[[ Supplied data, beginning ]]

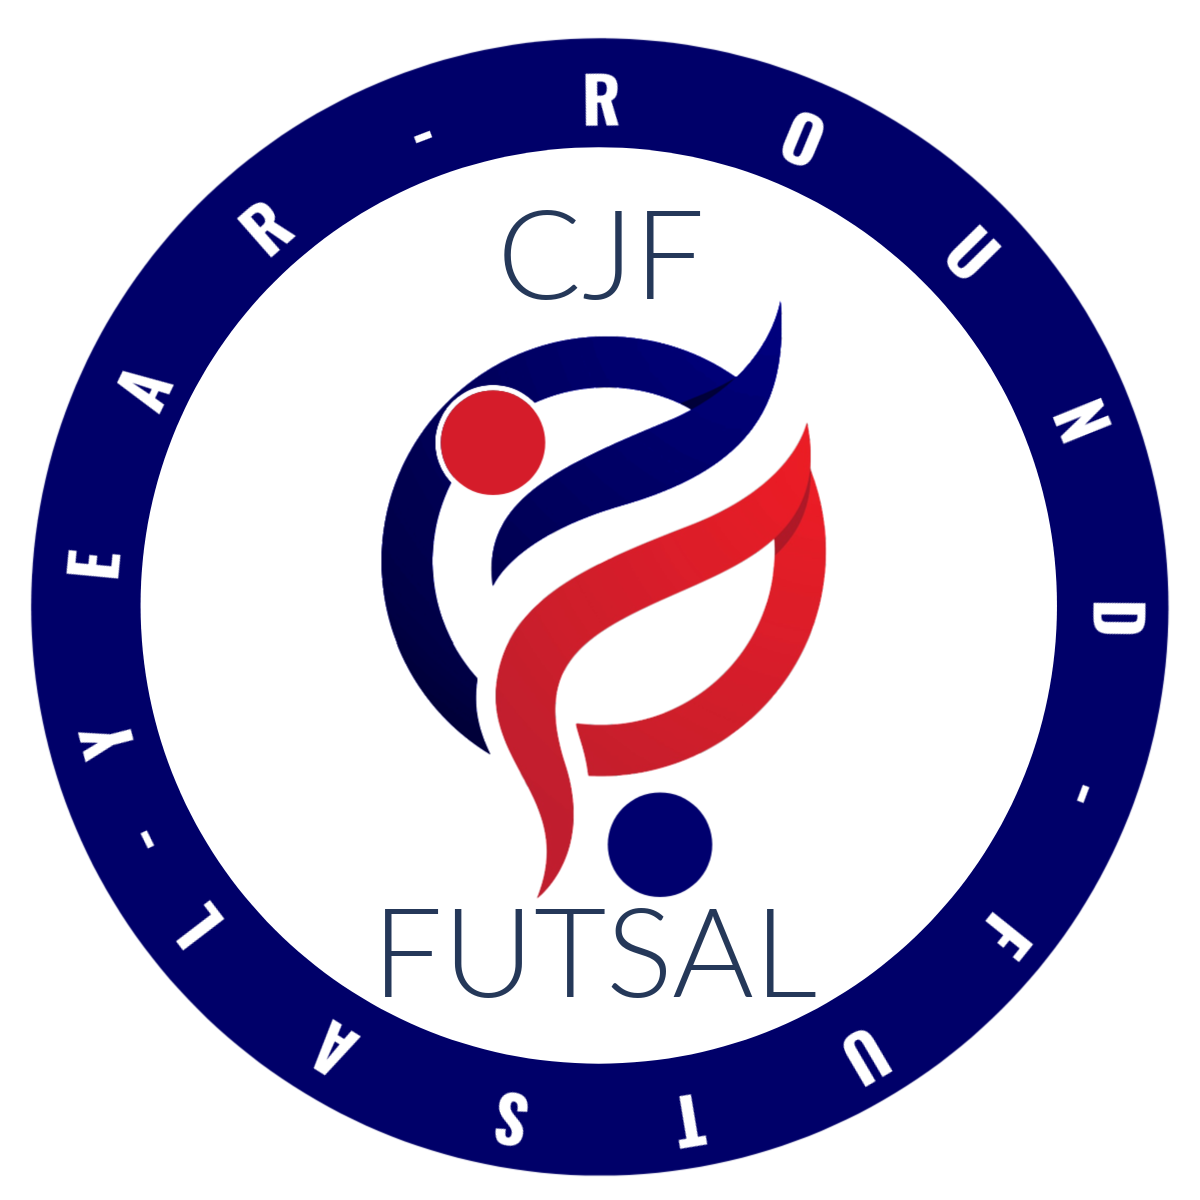 CJF Futsal Capelli Sports Complex | Winter League Play
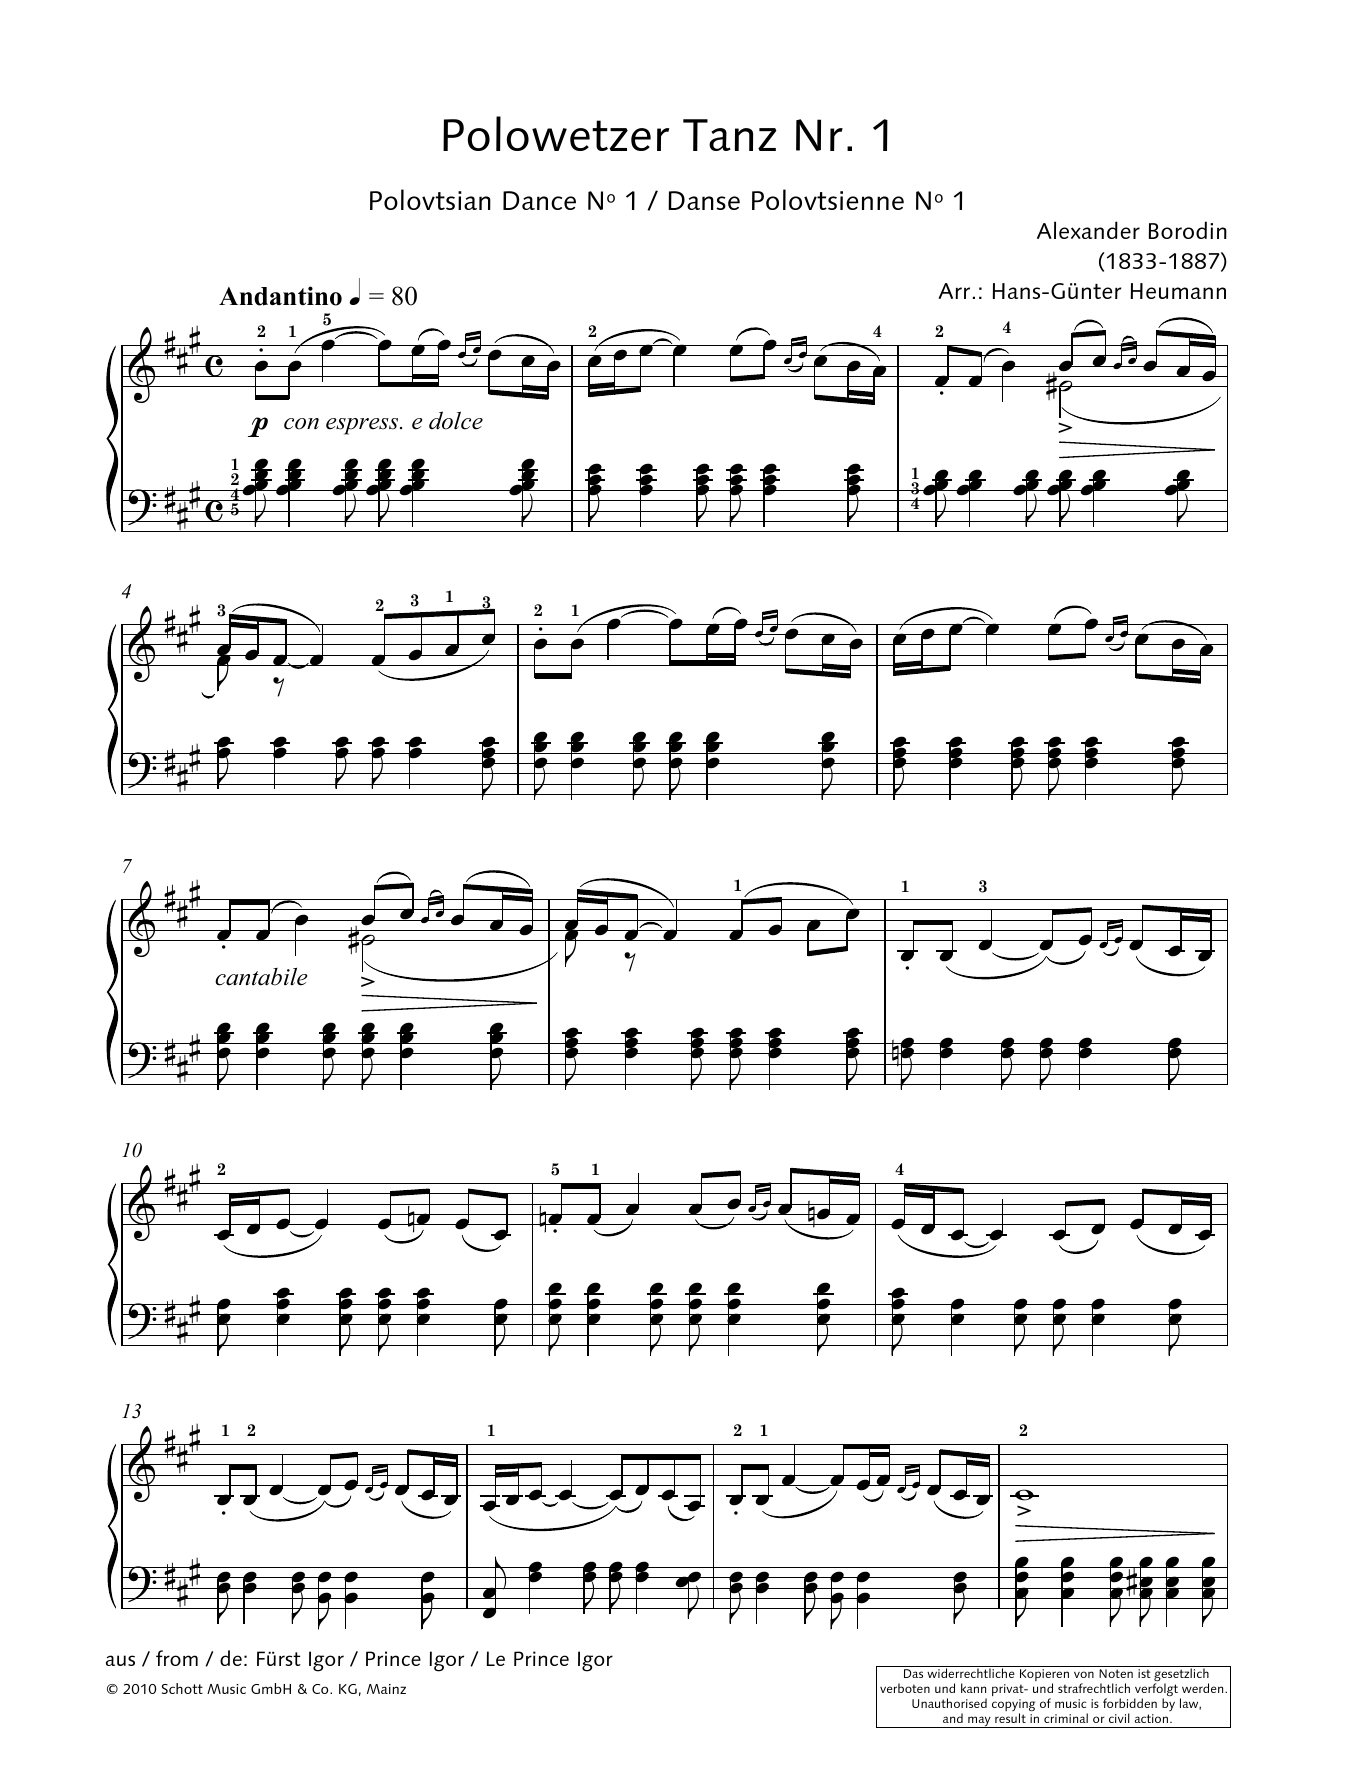 Hans-Gunter Heumann Polovtsian Dance No. 1 sheet music notes and chords arranged for Piano Solo
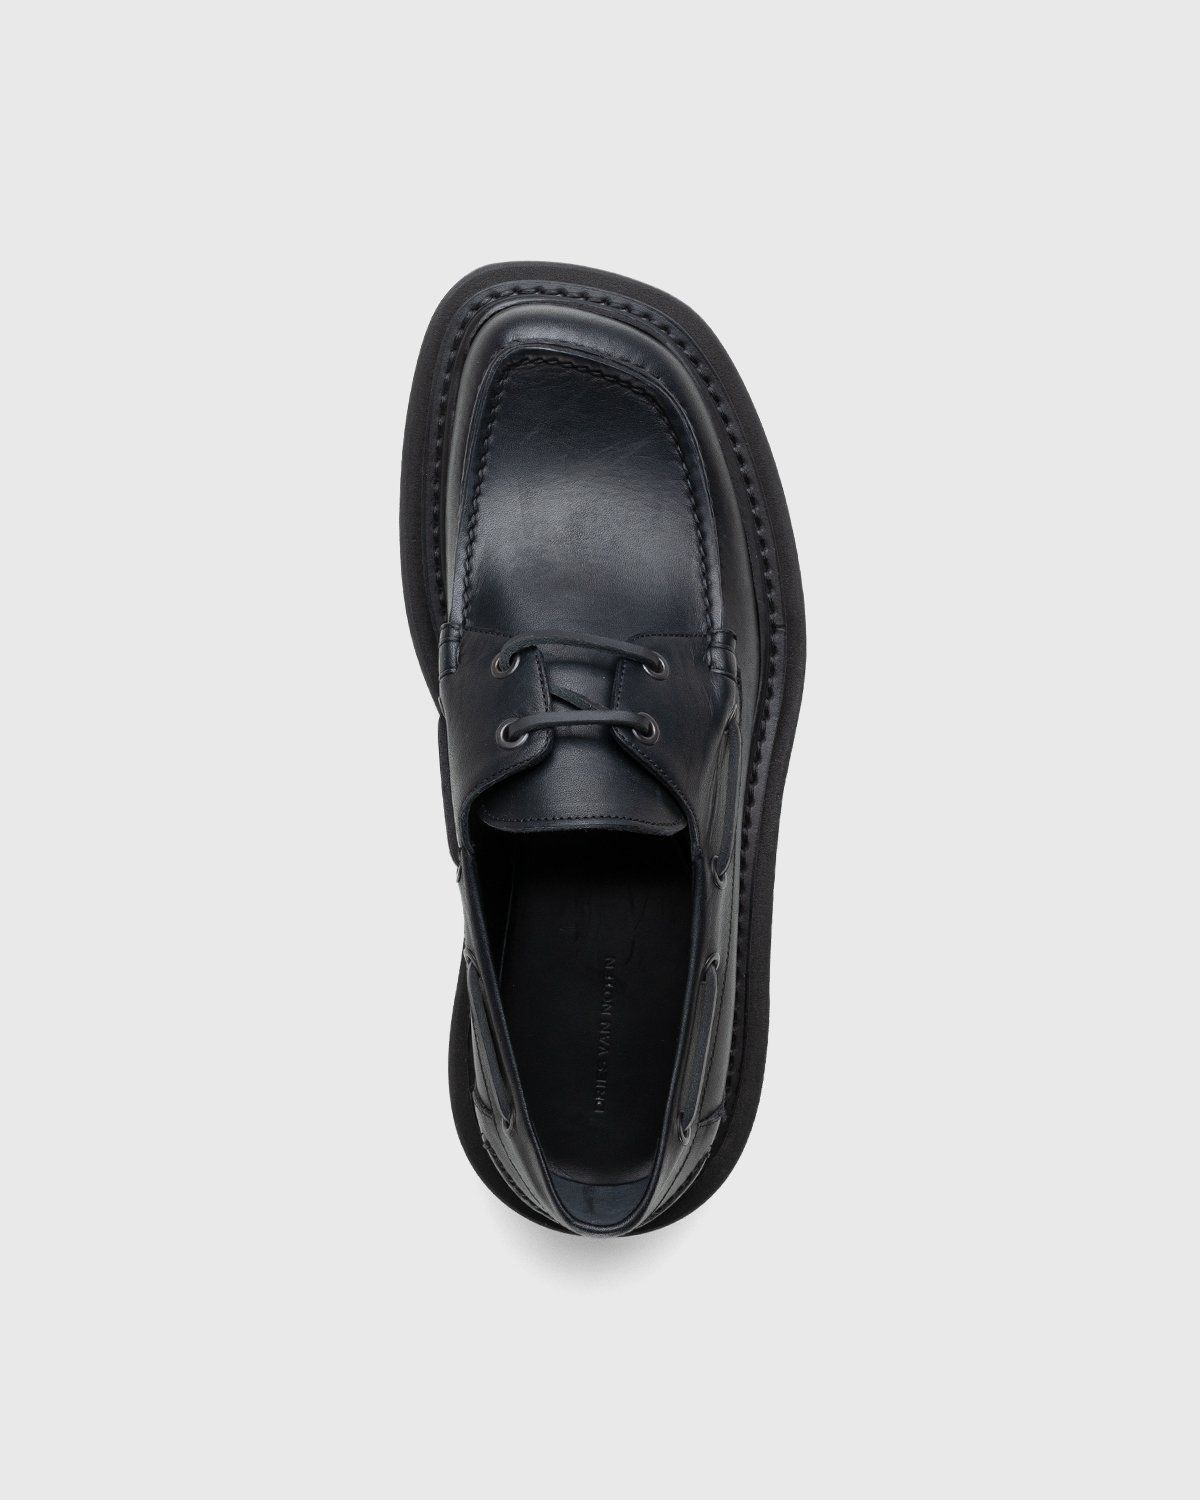 Dries van Noten – Leather Boat Shoe Black - Boat Shoes & Moccasins - Black - Image 5
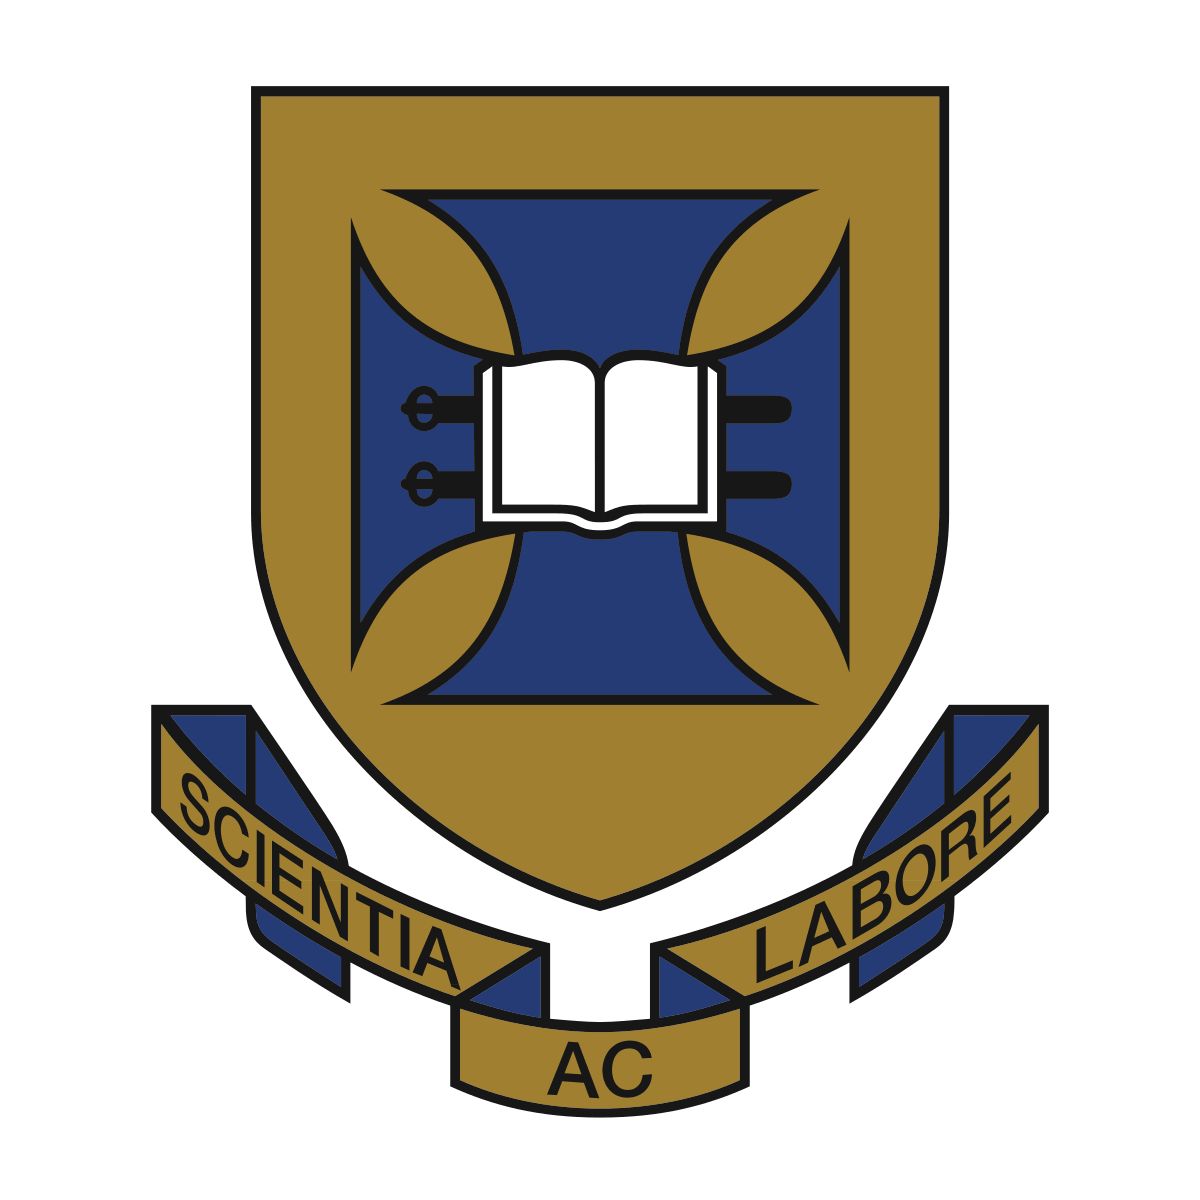 University of Queensland (UQ) Course/Program Name

[[ Supplied data, end ]]

What is expected
Leaving out all pictures, repeat word for word the lines from the one containing "Dries van Noten" through the final line of the material above.

Written solution
 Dries van Noten – Leather Boat Shoe Black - Boat Shoes & Moccasins - Black - Image 5
 University of Queensland (UQ) Course/Program Name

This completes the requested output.